Laurel Davis, vice president with Fannie Mae, said that her agency is using big data tools and large sample sizes to improve quality and gain insight. Fannie Mae, she said, is now looking at 20,000 new appraisals every day.

Several economists, including Chris Flanagan, managing director at Bank of America Merrill Lynch, said tight supply in many markets and foreign buyers are driving up housing price appreciation. For Chinese buyers, Flanagan noted, a 5% HPA translates to a 14% return when you take into account the currency trade.

Sizing the market

Bailey said that when you add up all of the subcategories—private label, CRT, SFR and NPL/RPL—new issuance is running at about $60 billion annually.

Non-prime deals, which accounted for only about $1 billion in issuance last year, are showing early momentum, he said, pointing to 10 non-prime and expanded prime deals that have recently come to market. By next year, he said this subcategory could be as large as the jumbo prime category.
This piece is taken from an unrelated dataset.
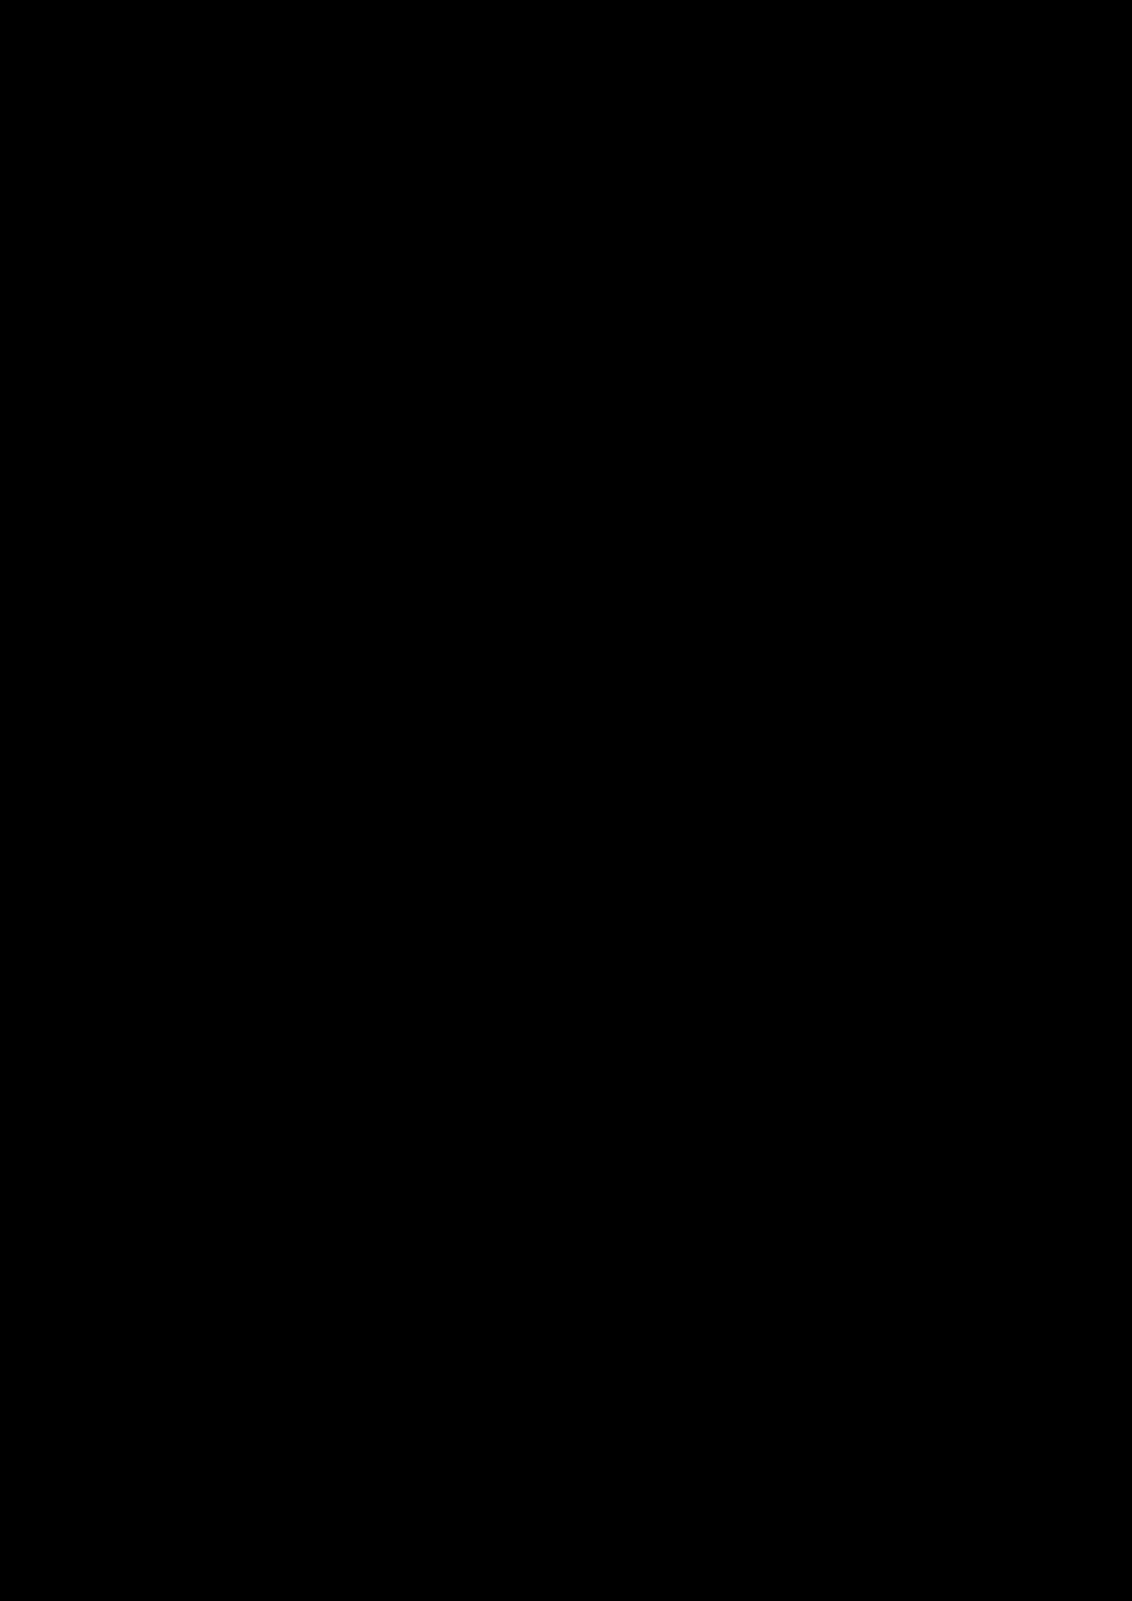 Belyiy sokol slide, Image 193

Speaking on another panel, Ryan Stark, managing director at Deutsche Bank, said he expected SFR issuance to be in the $4 billion range this year, roughly the same as 2016.

Deal agent

On Sunday, my colleague Jeff Berg, vice president at Clayton Holdings, participated in a panel on the role and duties of a Deal Agent. The discussion focused on the difference between the Treasury and SFIG’s separate proposals for the role and the issues that still need to be resolved.

While there was broad agreement that a Deal Agent would be directionally positive, there were differing point of views on the scope of the role and its economic impact on credit enhancement.

The pristine collateral going into prime deals continues to delay the development of the Deal Agent role, the panelists noted. To date, none of the new non-prime deals have included a Deal Agent.